2023年のジョージ・ルーカスアワードは、ポーランド在住の日本人監督である吉田和泉監督のアニメーション映画『希望のかけ橋』が受賞した。ライブアクション部門のインターナショナル優秀賞は、スペインのマニュエル・オモンテ監督による『テルエルの彼方へ』に決定。両作品ともに、第96回アカデミー賞短編部門のノミネート選考対象作品となる。


JVTAは毎年本映画祭を字幕でサポートしており、受賞作品の字幕もJVTA修了生が手掛けている。


■SSFF & ASIA 2023グランプリ ジョージ・ルーカスアワード受賞作品『希望のかけ橋』

実話をもとにしたアニメーション映画。1920年に日本へ逃れたポーランド孤児の歴史を、10歳の少年の視点から描いている。

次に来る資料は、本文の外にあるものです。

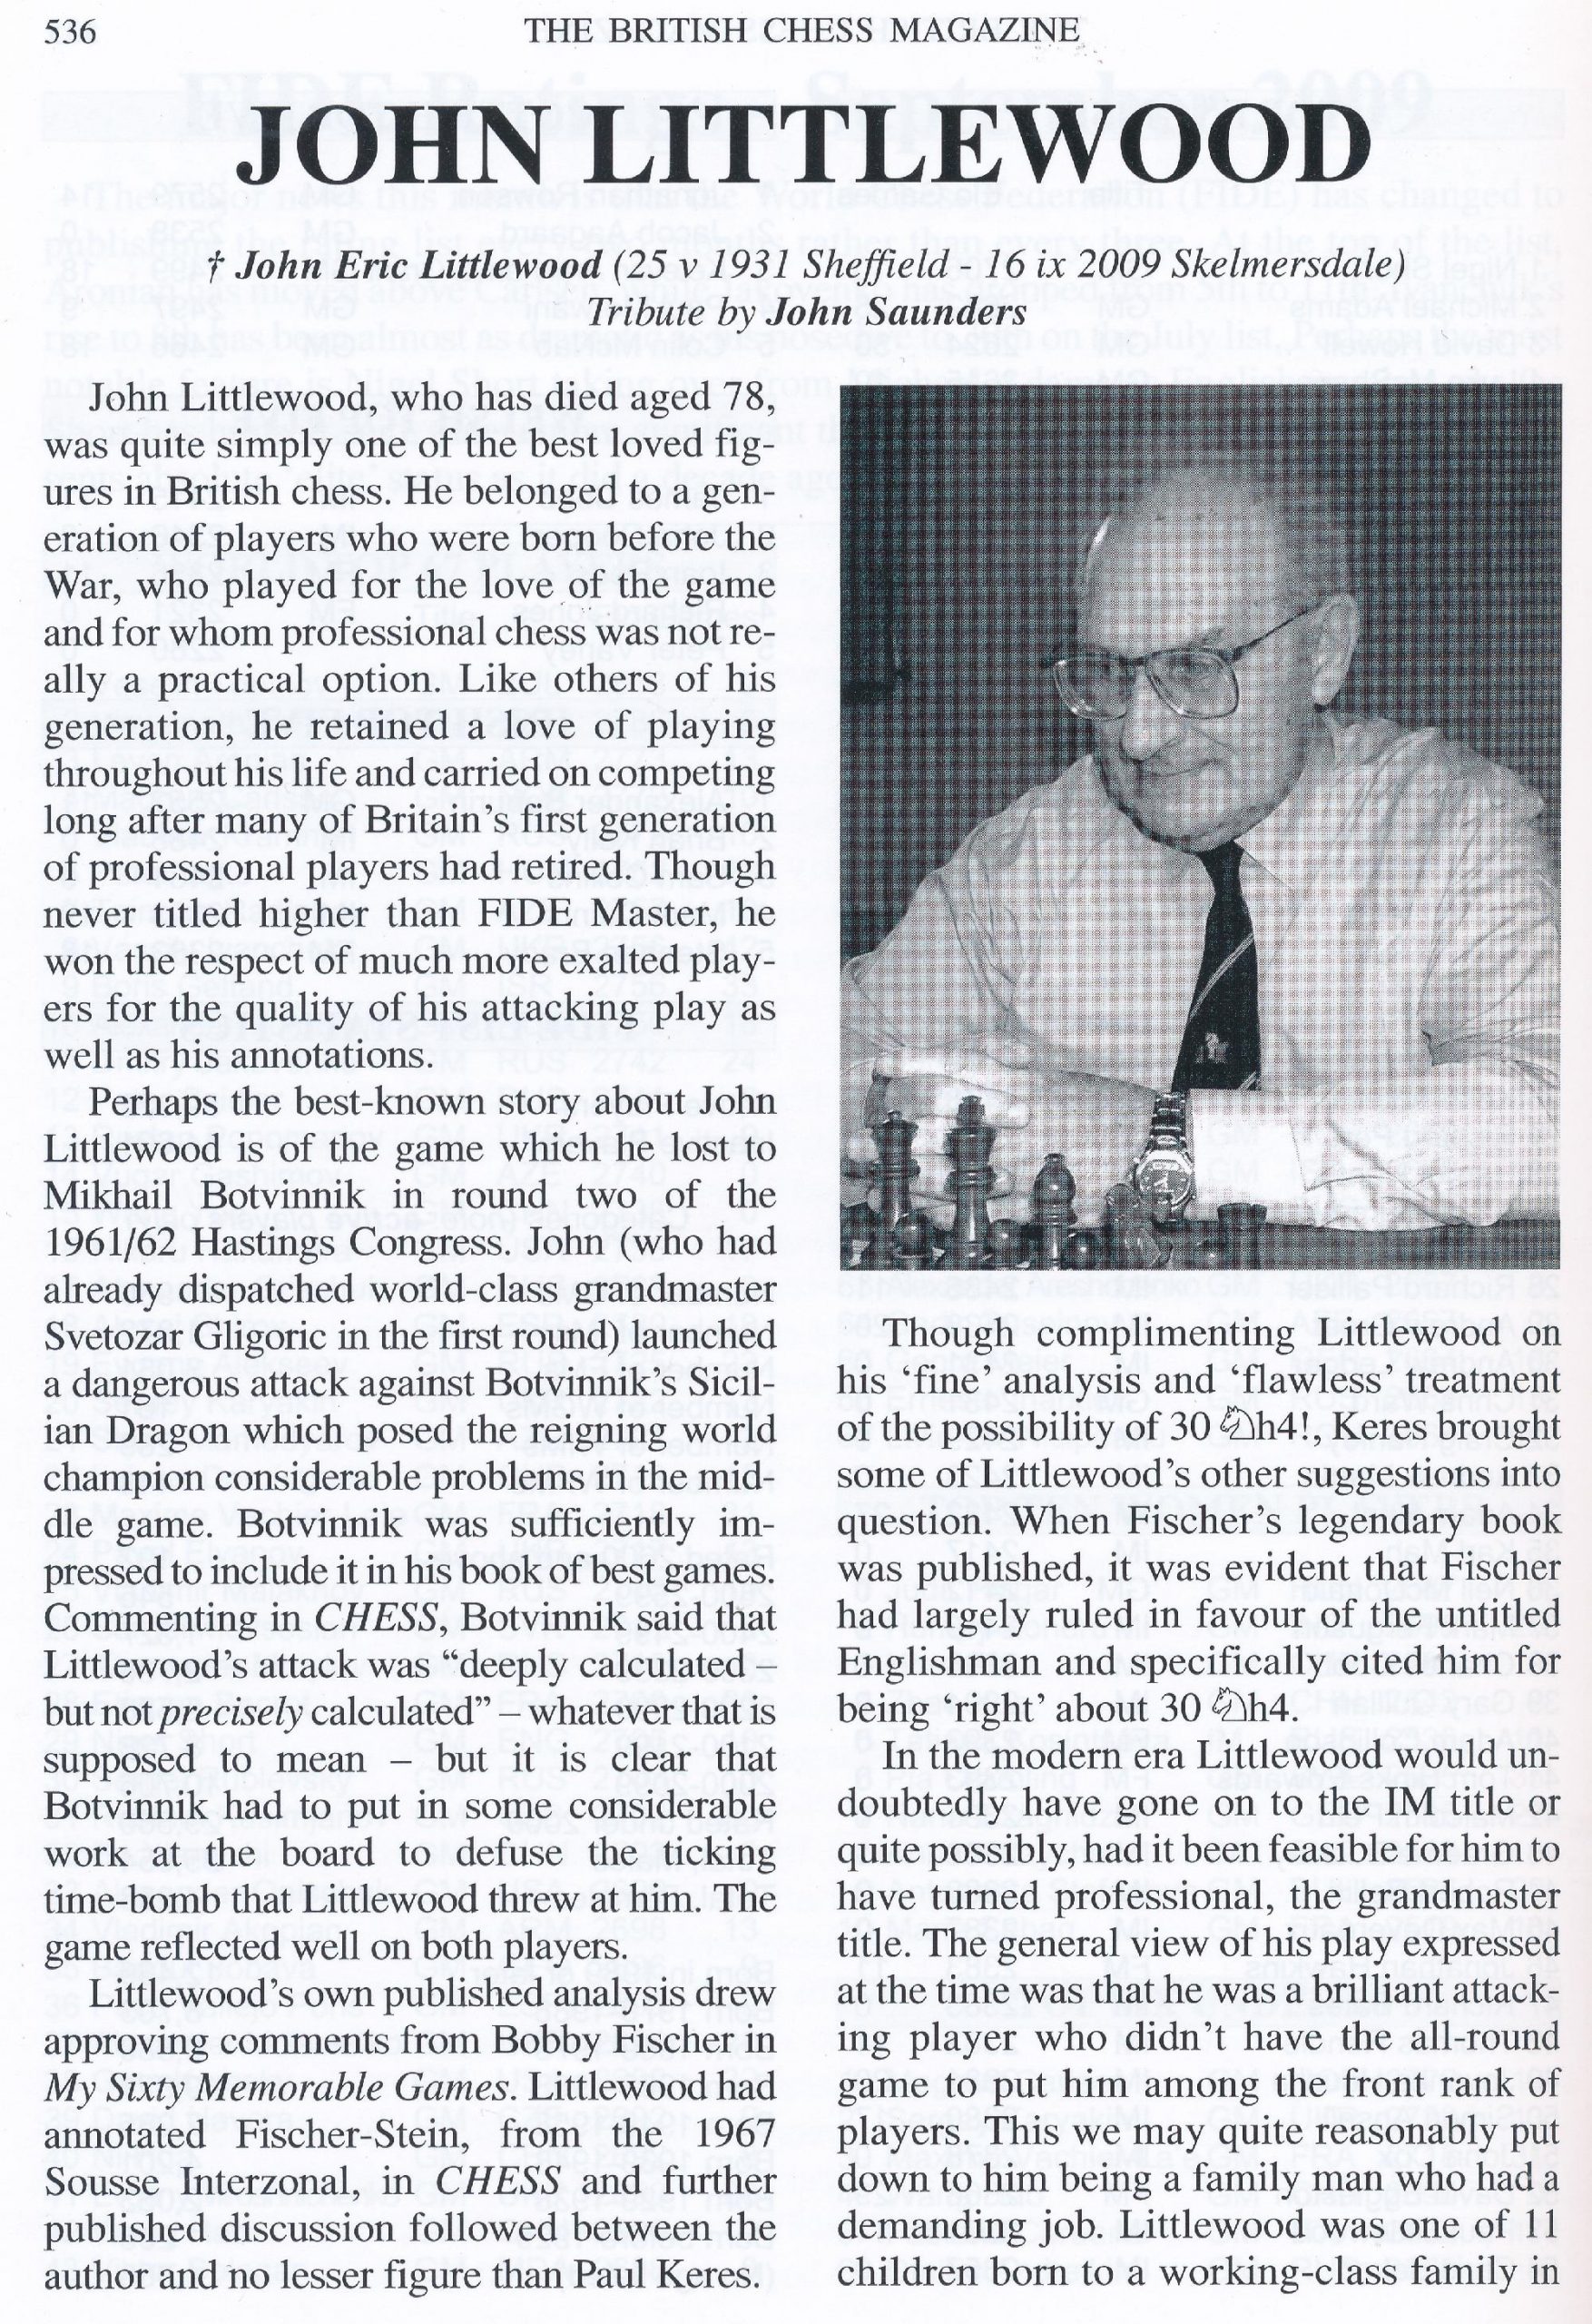 British Chess Magazine, Volume CXXIV (129), 2009, Number 10, October, page 536

『希望のかけ橋』/吉田和泉/0:22:30/ポーランド/2022
Photo:ショートショート フィルムフェスティバル & アジア プレスリリースより


『希望のかけ橋』の字幕を手がけたのは、JVTA修了生のカーター美幸さん。本作で特筆すべきは、冒頭と最後のテロップ以外に言葉による表現がまったくないことだ。カーターさんは「あらゆる視聴者層にきちんと理解してもらうこと」をもっとも念頭に置いて翻訳作業を行ったという。

「この作品は作中にセリフが一切ないため、冒頭と最後のテロップに監督の思いが込められています。そのため、このテロップ部分できちんと説明しなければならないと意識しました」(カーターさん)

映像翻訳者の仕事は、セリフを翻訳するだけではない。画面上に表示される言葉は、基本的にすべて映像翻訳者が翻訳する対象となる。そしてセリフがない作品では、テロップがストーリーを伝えるための重要な役割を果たす。


さらに今回のテロップ翻訳では、史実との確認も必要だった。映像翻訳の仕事において、事実関係を調べることは重要な作業のひとつだ。カーターさんも今回、事実確認に力を入れたという。中には調べた用語に定訳がなかったり、資料によって異なる情報が掲載されていたりということもあって悩んだそうだが、常に「視聴者への分かりやすさ」を念頭に置き、情報を取捨選択して言葉を吟味した。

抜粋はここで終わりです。